- Countries of origin: United States United Kingdom
- No. of episodes: 51

Original release
- Network: The History Channel
- Release: 2001 – 2004

= Infamous Murders =

Infamous Murders was a documentary television series shown on The History Channel in the U.S. and the UK. The U.S. edition was narrated by Don Peoples. In the UK edition, the narrator is uncredited.

==Overview==

The 51 episodes of the series were produced by Nugus/Martin Productions Ltd. in 2001. The show was aired on The History Channel in both the UK and the U.S. In the U.S., the show was included as part of the 154-episode run of History's Mysteries. During the hour-long show, two episodes of Infamous Murders were presented together.

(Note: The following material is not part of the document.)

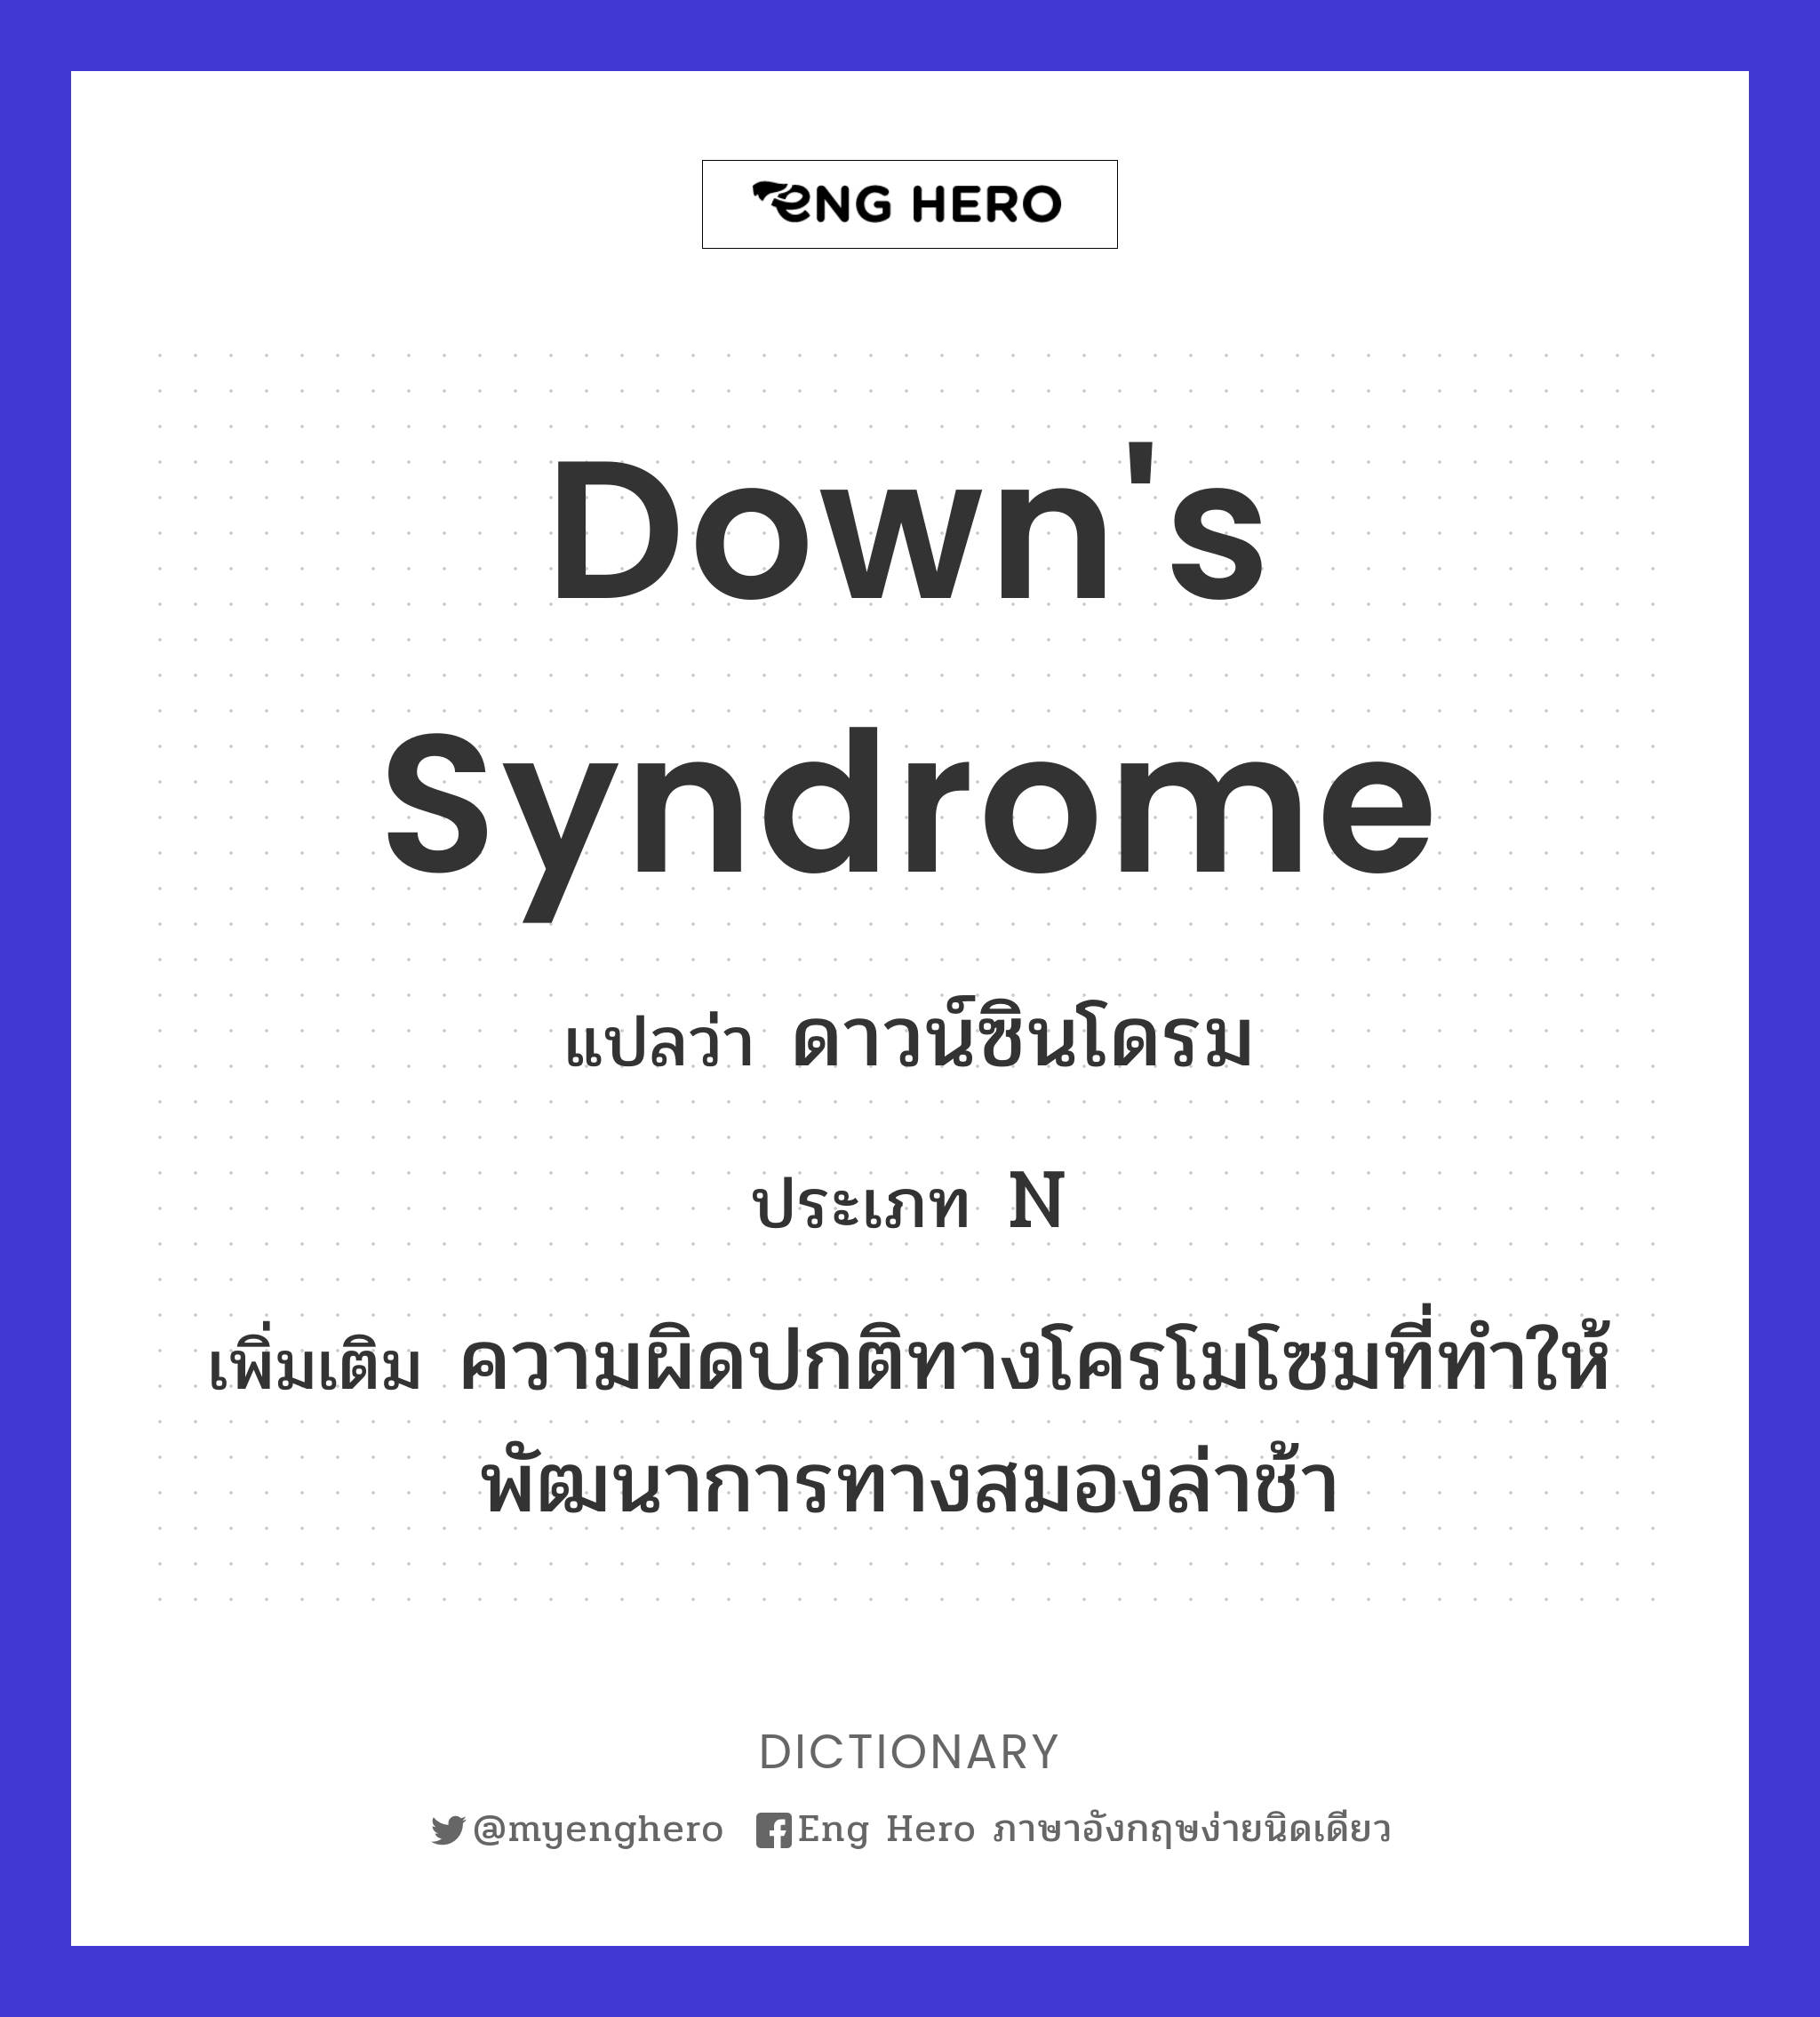 Down's syndrome

Each episode was thirty minutes long. Three crimes that share a common theme, such as motive, means, or victims, are given ten minutes of time apiece. The series concentrated on notorious murders carried out during the 20th century. At the beginning of each episode, a particularly infamous crime would be examined as an example. The words "Infamous Murders now examines..." would follow, and the other three murders would be presented.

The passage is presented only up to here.